The Law Foundation

A charitable trust linked to the University of Oxford

The purpose of the Law Foundation is to promote and develop the study of the theory and practice of law in all its branches, whether at the University or elsewhere, by staff of the University, by those holding visiting appointments at the University, or by students pursuing courses of study approved by the University.

The Trustees meet annually in Oxford at around the start of the academic year, to consider proposals for funding and monitor the financial position of the fund.  The Trustees will support items of expenditure that are both exceptional and will add value to the whole of Law in Oxford. 
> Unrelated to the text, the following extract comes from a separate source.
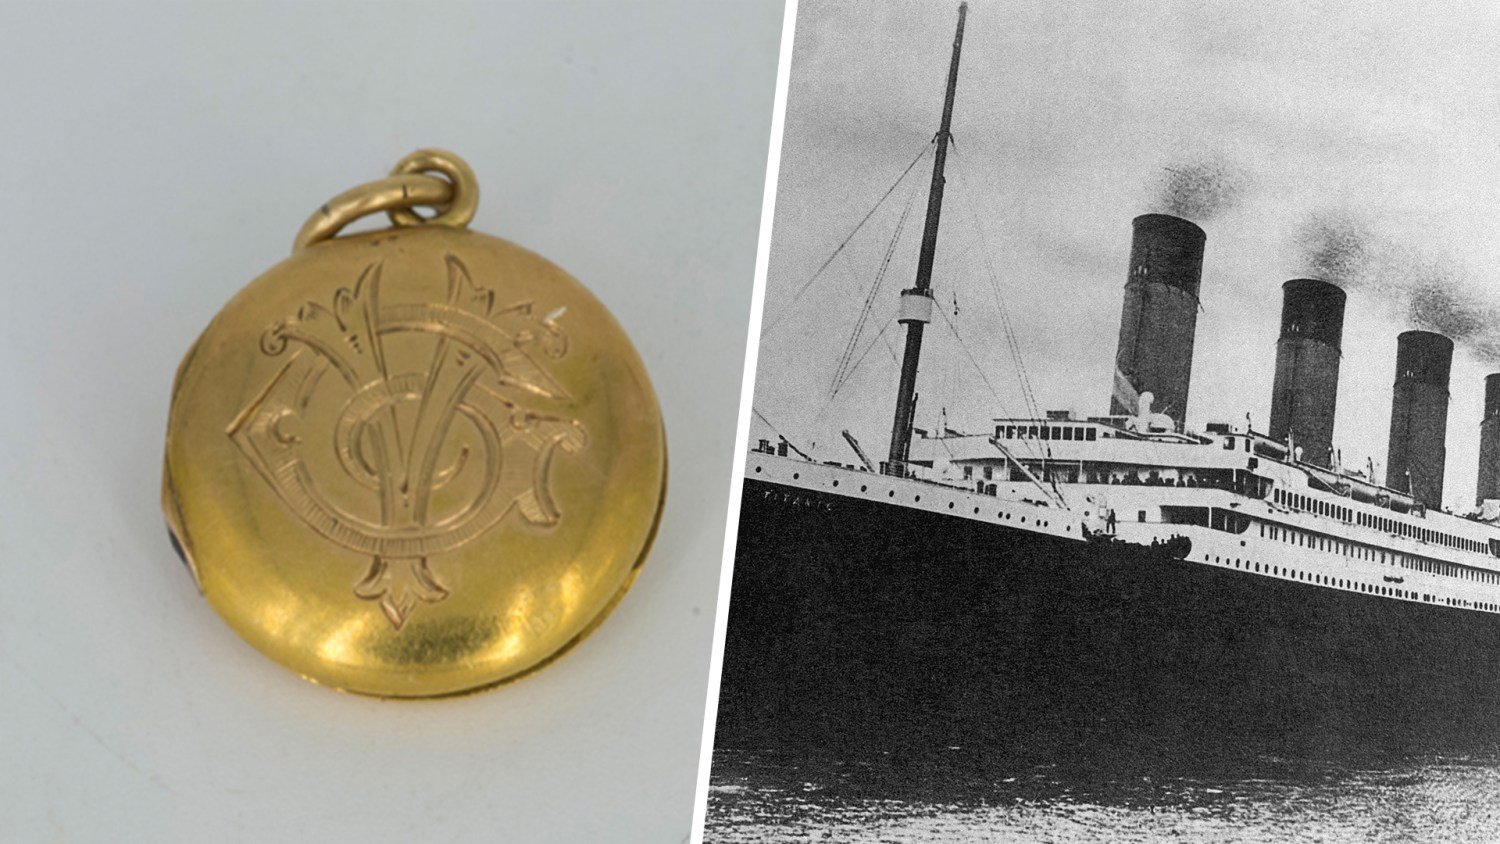 A suitcase belonging to the Titanic's last survivor has been discovered

An Annual Report of the activities of the Law Foundation is produced once the minutes of the meeting from the previous year have been approved by the Trustees at the next meeting.  Links to the reports are listed below. 

Proposals to the Law Foundation must be made on the recommendation of the Law Board, having first been considered by the Faculty’s Planning and Resources Committee.
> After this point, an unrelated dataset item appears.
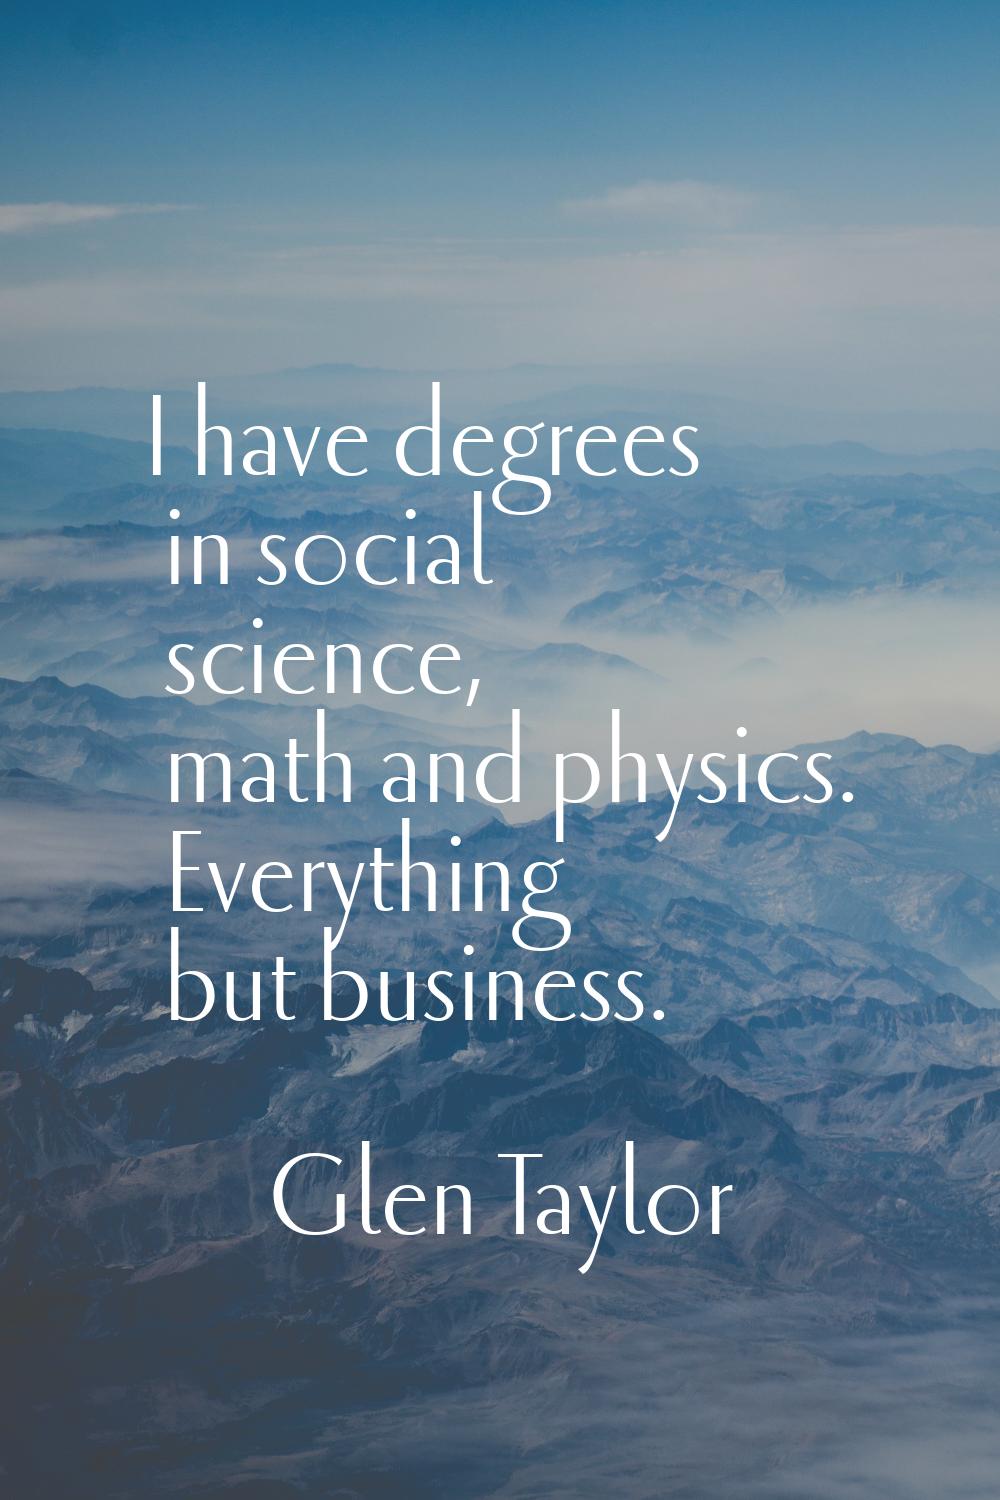 I have degrees in social science, math and physics. Everything but business.

The Trustees for 2021-22 are:

Laurence Rabinowitz QC (Chair)

Andrew Mackie (representing the Vice-Chancellor)

Tina Cook, QC

Rachel Brandenburger

Jennifer Payne (appointed by the Board of the Faculty of Law)

Jonathan Herring (appointed by the Board of the Faculty of Law)

Mindy Chen Wishart, ex officio as Dean of the Faculty of Law

Secretary to the Board of Trustees is the Development Officer in the Law Faculty, e-mail development@law.ox.ac.uk.

Annual reports

2013-14 2014-15 2015-16 2016-17 2017-18 2018-19 2019-20 2020-2021

Law Foundation Scholars

  • Eleni Methymaki, DPhil in Law

Provisional Title: Domestic Law as a Multi-Dimensional Concept Before International Courts and Tribunals

Supervisors: Professor Catherine Redgwell and Dr Antonios Tzanakopoulos

Research Summary

My research examines the relationship between international and domestic law through the caselaw of international courts and tribunals. More specifically, I investigate how certain international courts and tribunals, namely the International Court of Justice (and its predecessor, the Permanent Court of International Justice), the Appellate Body of the World Trade Organisation, the European and Inter-American Courts of Human Rights, and investor-state arbitral tribunals engage with domestic law in cases before them. The long-standing debate concerning the relationship between the domestic and the international legal orders—one of the foundational and most contested topics of international law—revolves around the binary distinction between the monist and the dualist theories. However, taking into consideration that in practice different legal orders and systems may relate to each other in a variety of ways, it is ultimately the jurisdictional framework of each court or tribunal that affects how they will deal with domestic law in cases before them. This explains why domestic law presents multiple dimensions in international adjudication. Overall, my research seeks to appraise the status of domestic law in international adjudication and its multiple dimensions through the mandate of the selected international courts and tribunals and the jurisdictional framework set by their constitutive instruments.

  • Jingzhi Chen, DPhil in Law

Jingzhi Chen is a research student at the Oxford Law Faculty. She holds a master degree in legal theory from China University of Political Science and Law, and an LLB from Beijing Institute Technology with distinction. Her research interest lies in political and legal philosophy.

Research Summary

My doctoral research aims to explore a classic problem in liberal tradition: in a society with plural and incompatible comprehensive religious, philosophical and moral doctrines, how to justify a political action to illiberal citizens without disrespecting their comprehensive doctrines? I examine two kinds of liberal approaches on this problem: political liberalism and comprehensive liberalism. The former holds that we need to appeal to what reasonable citizens can be expected to endorse rather than any metaphysical claims about truth. And the second one holds a truth-dependent account that the principles of legitimacy should be based on a true comprehensive doctrine which is consistent with other doctrines. In my research, I plan to re-interpret the idea of respect for person to ground political legitimacy, providing a different truth-dependent account of legitimacy without committing to a particular conception of the good. I hope my research could ease the tension between these two approaches and also keep their insights.

  • Jan Langemeyer, DPhil in Law

Jan is a doctoral student in Law at Oriel College. Prior to the DPhil, Jan studied Law (Erste Juristische Prüfung) as well as Modern History and Islamic Studies (Bachelor of Arts) at the Albert-Ludwigs-University in Freiburg and at the Sorbonne Université in Paris. He also holds a Magister Juris (distinction) from the University Oxford.

Research Summary

My research examines the history of Administrative Law in England, France, and Germany in the late nineteenth and early twentieth centuries. The doctoral project is jointly supervised by Professor Joanna Bell and Professor Birke Häcker, and generously funded by Oxford’s Faculty of Law (Law Foundation Scholarship) and by Oriel College (Keith Hawkins Scholarship in Legal History).